*What you should do*
Quote exactly the lines from the one with "PENN Cool Bag Large" to the end of the data, both included; omit the pictures.

*Data excerpt*

::::::

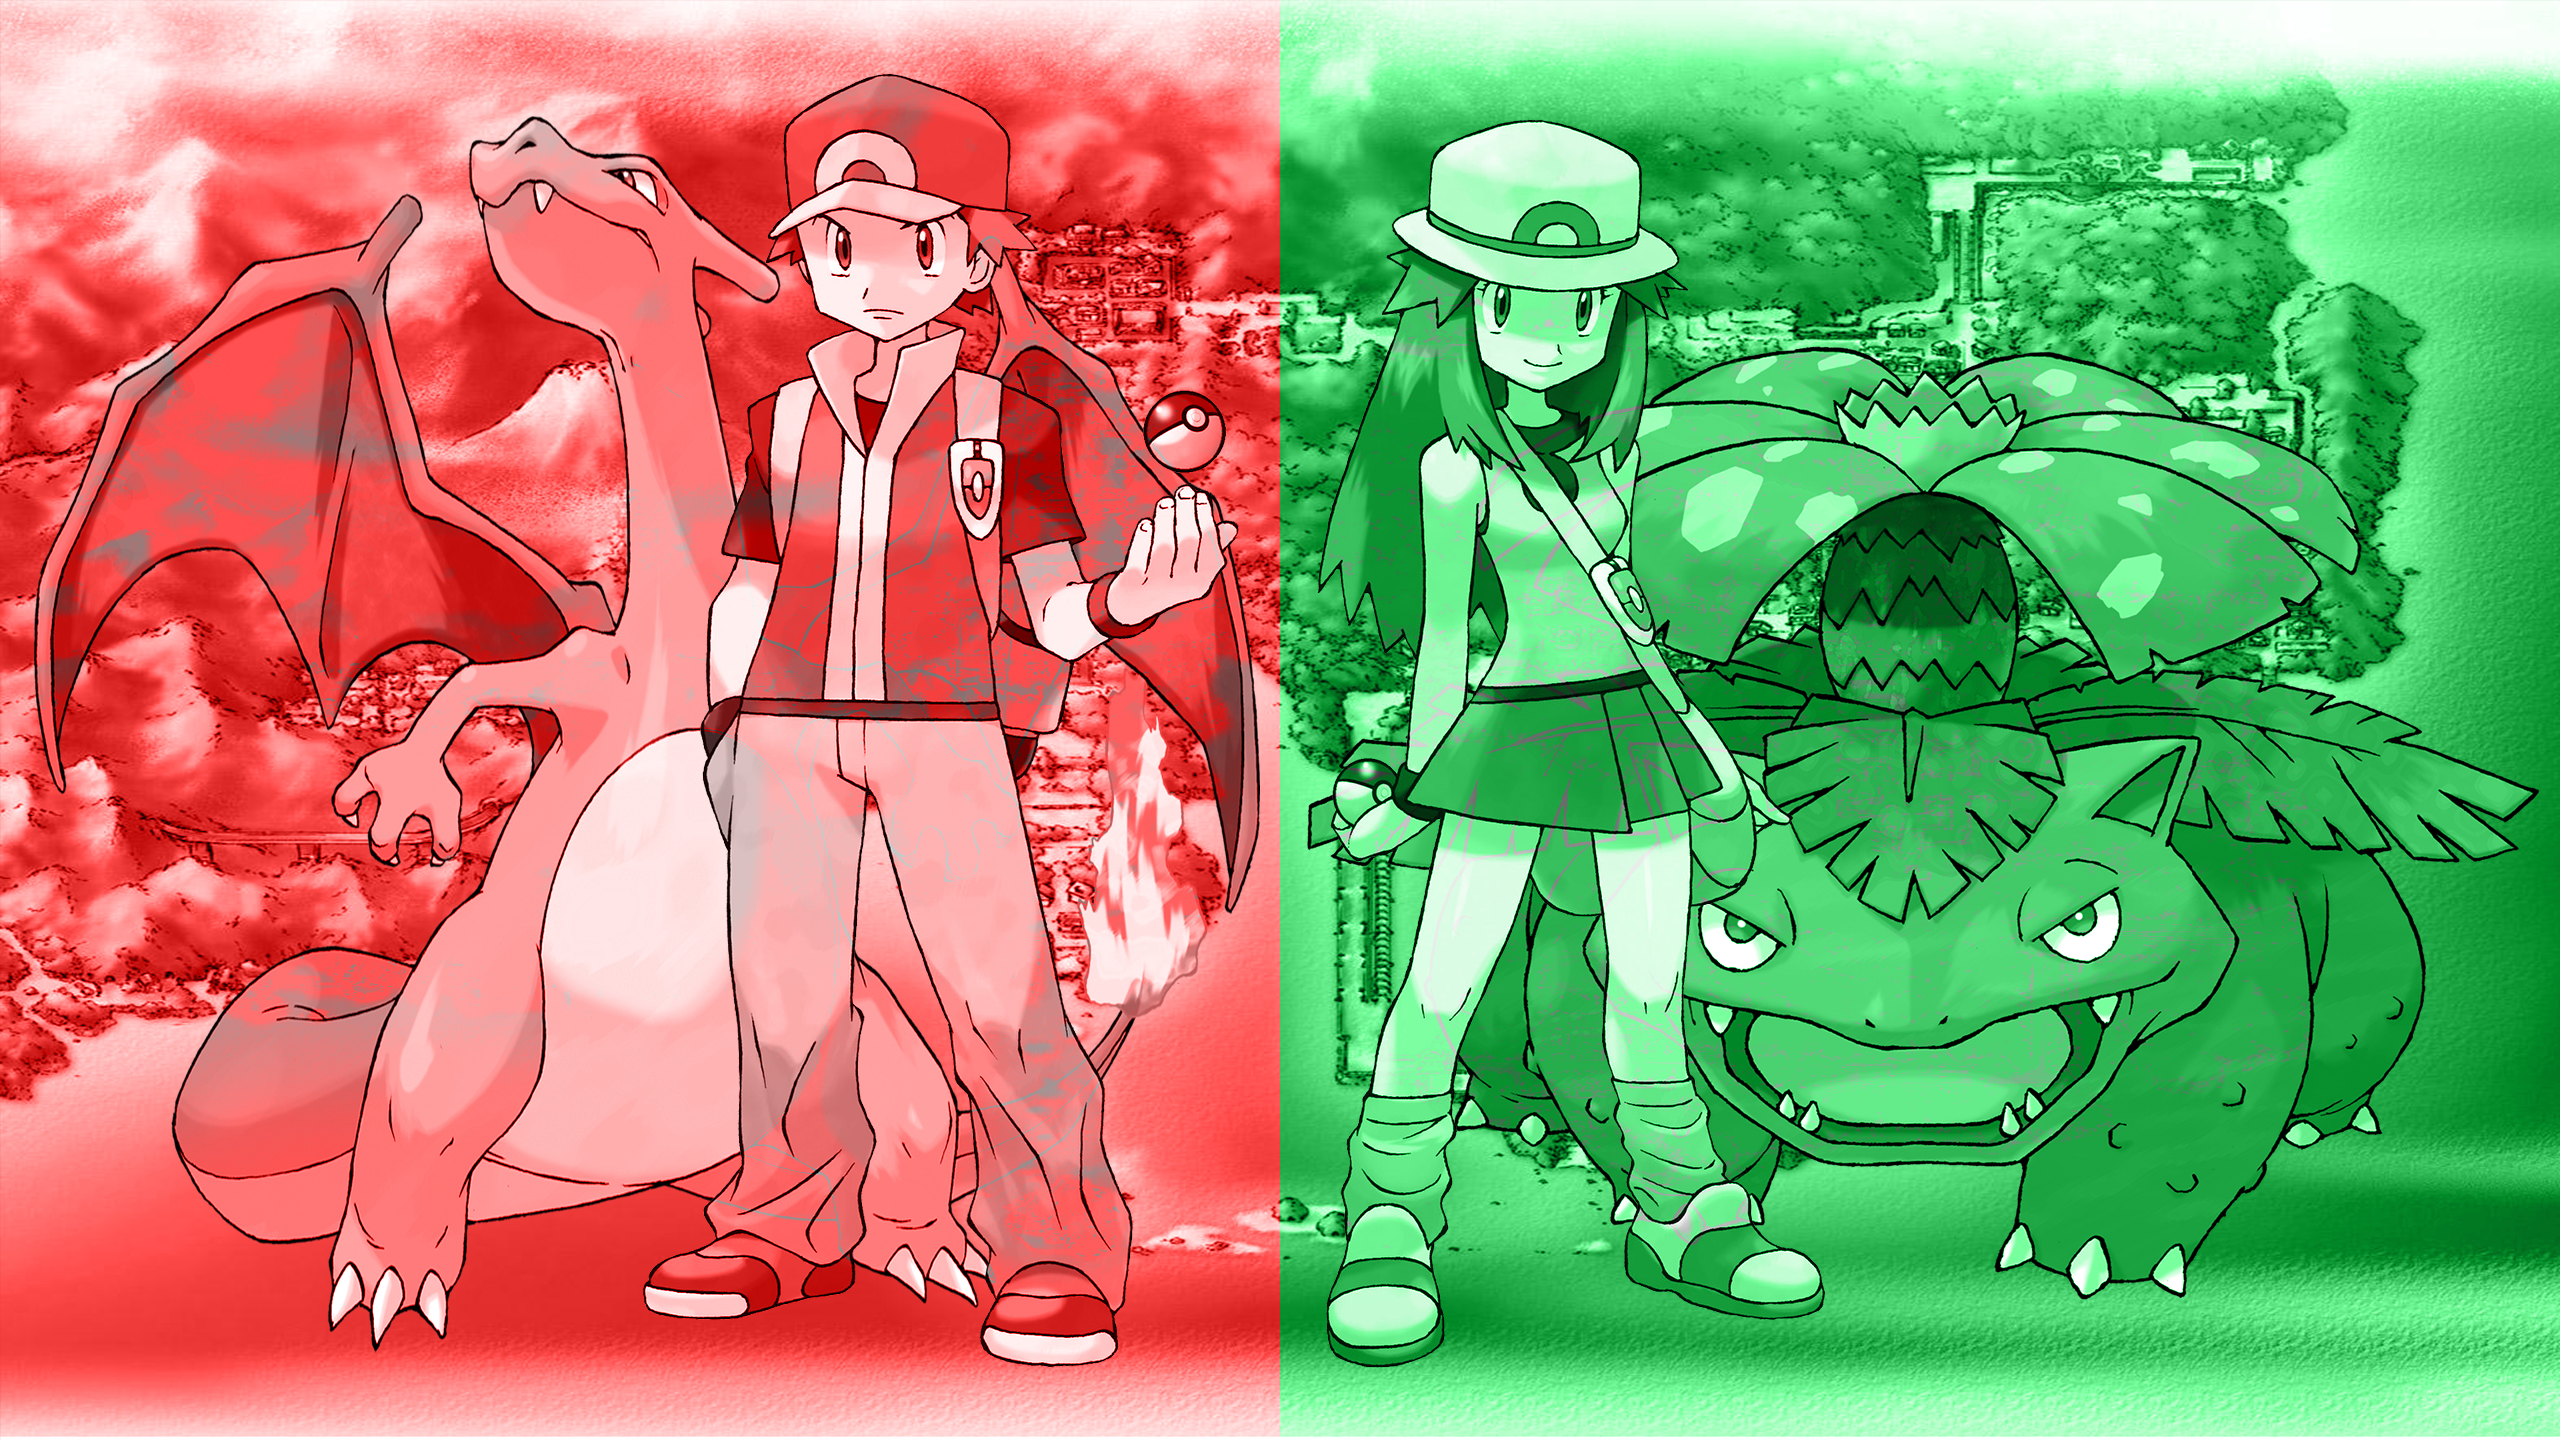 Pokémon FireRed and LeafGreen
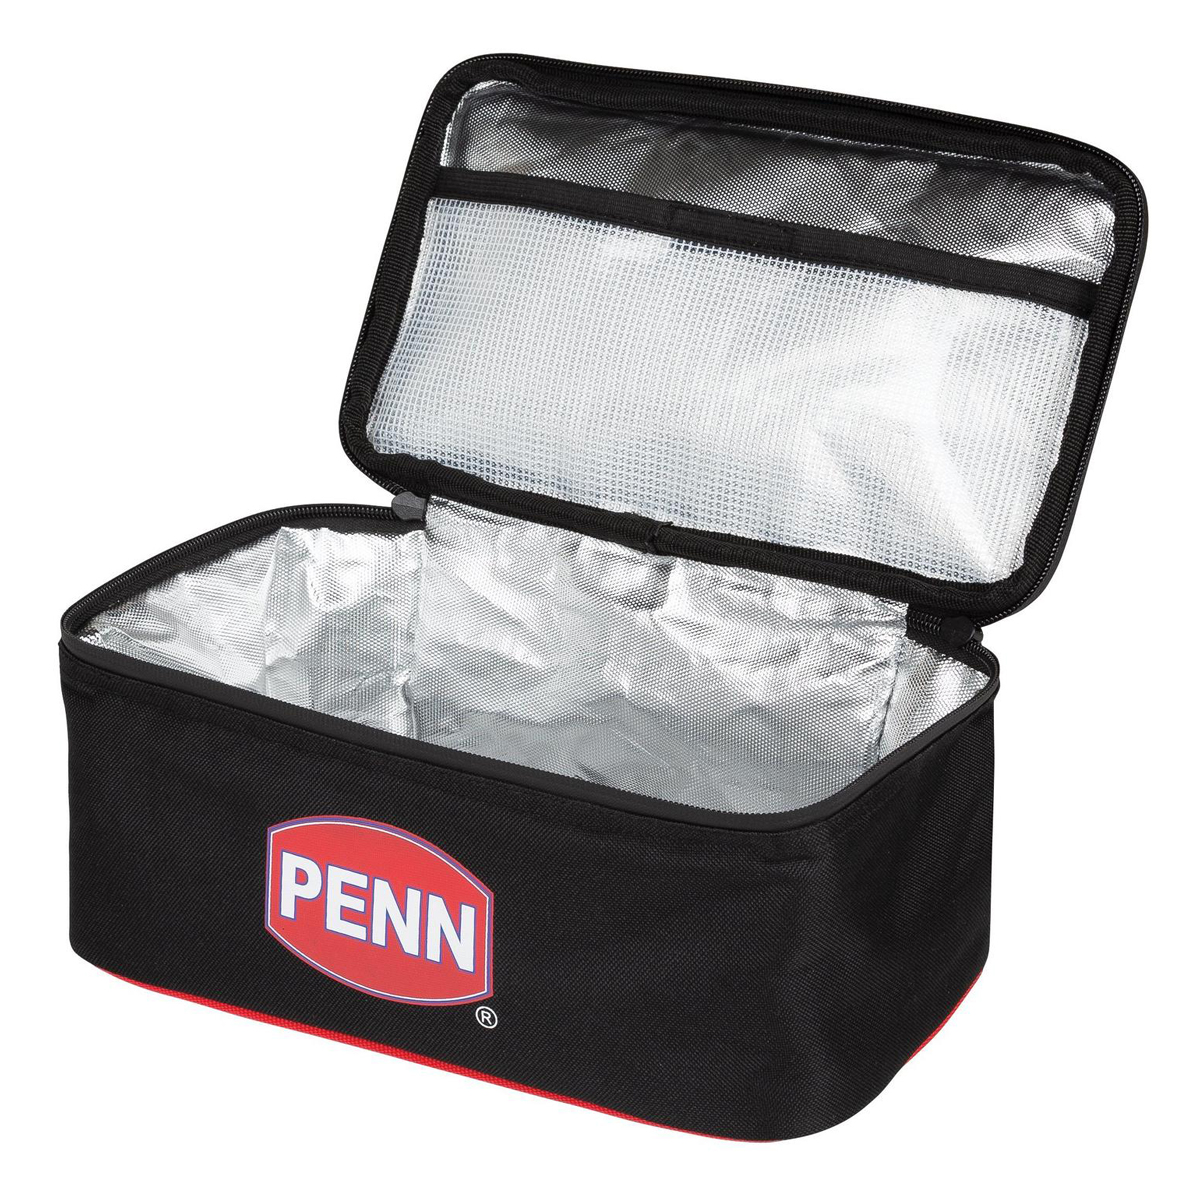 PENN Cool Bag Large
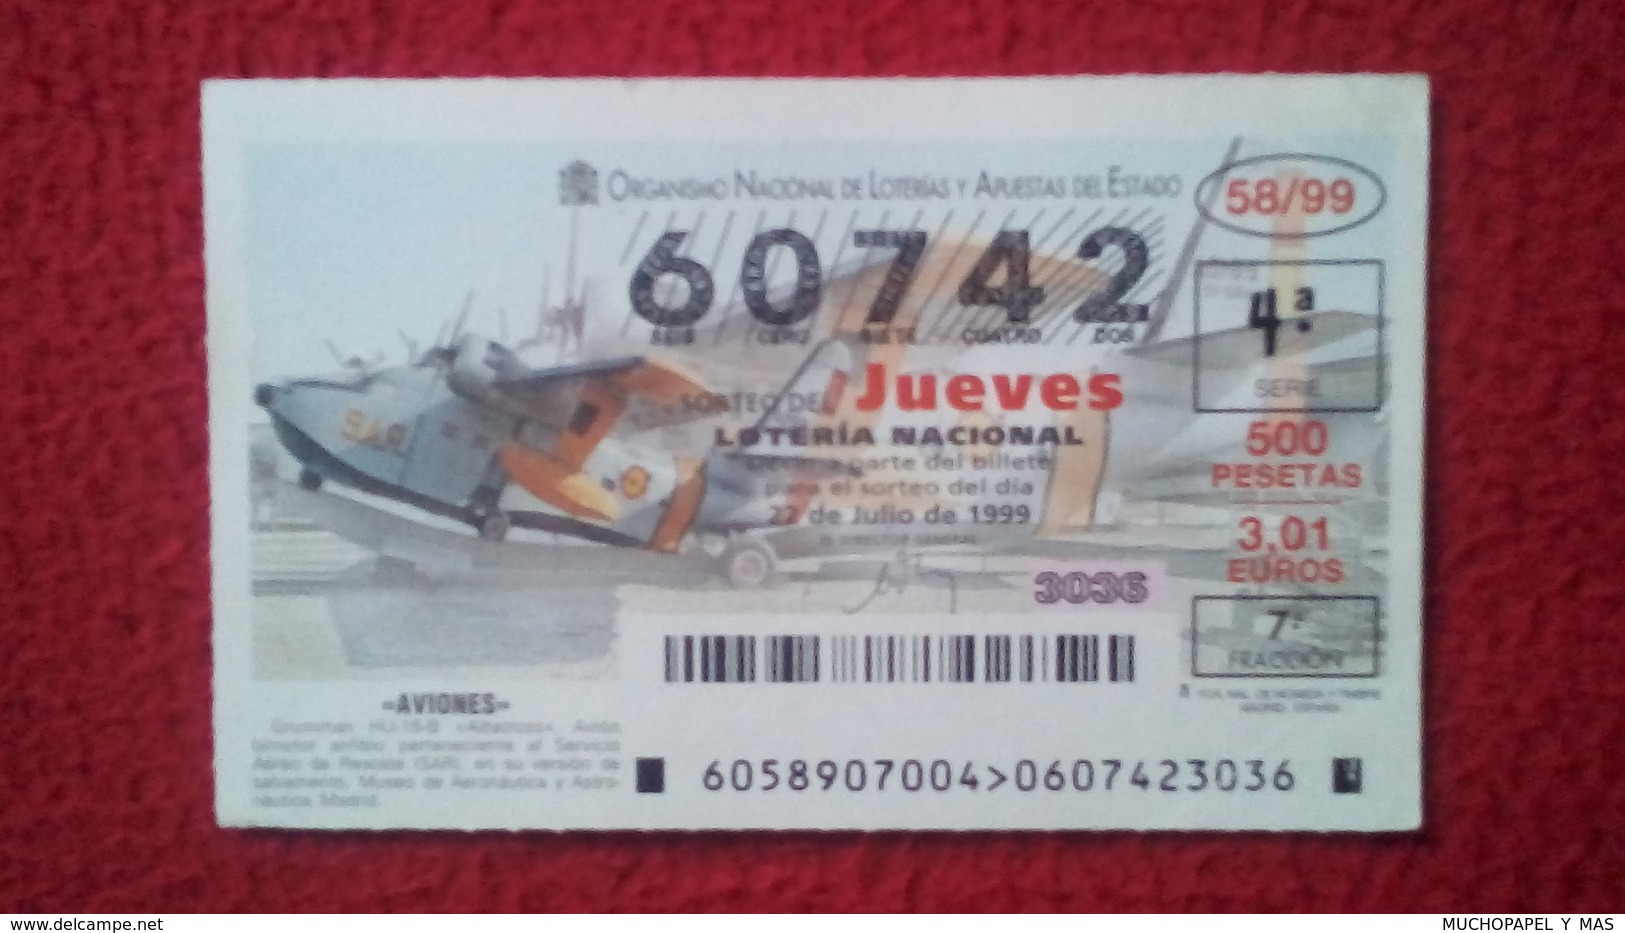 SPAIN DÉCIMO DE LOTERÍA LOTTERY LOTERIE AVIÓN AVIONES AIR PLANE AIRPLANE AVIACIÓN AVIATION GRUMMAN ALBATROSS HU-16-B VER - Billetes De Lotería

::::::

*Solution below*
 PENN Cool Bag Large
 SPAIN DÉCIMO DE LOTERÍA LOTTERY LOTERIE AVIÓN AVIONES AIR PLANE AIRPLANE AVIACIÓN AVIATION GRUMMAN ALBATROSS HU-16-B VER - Billetes De Lotería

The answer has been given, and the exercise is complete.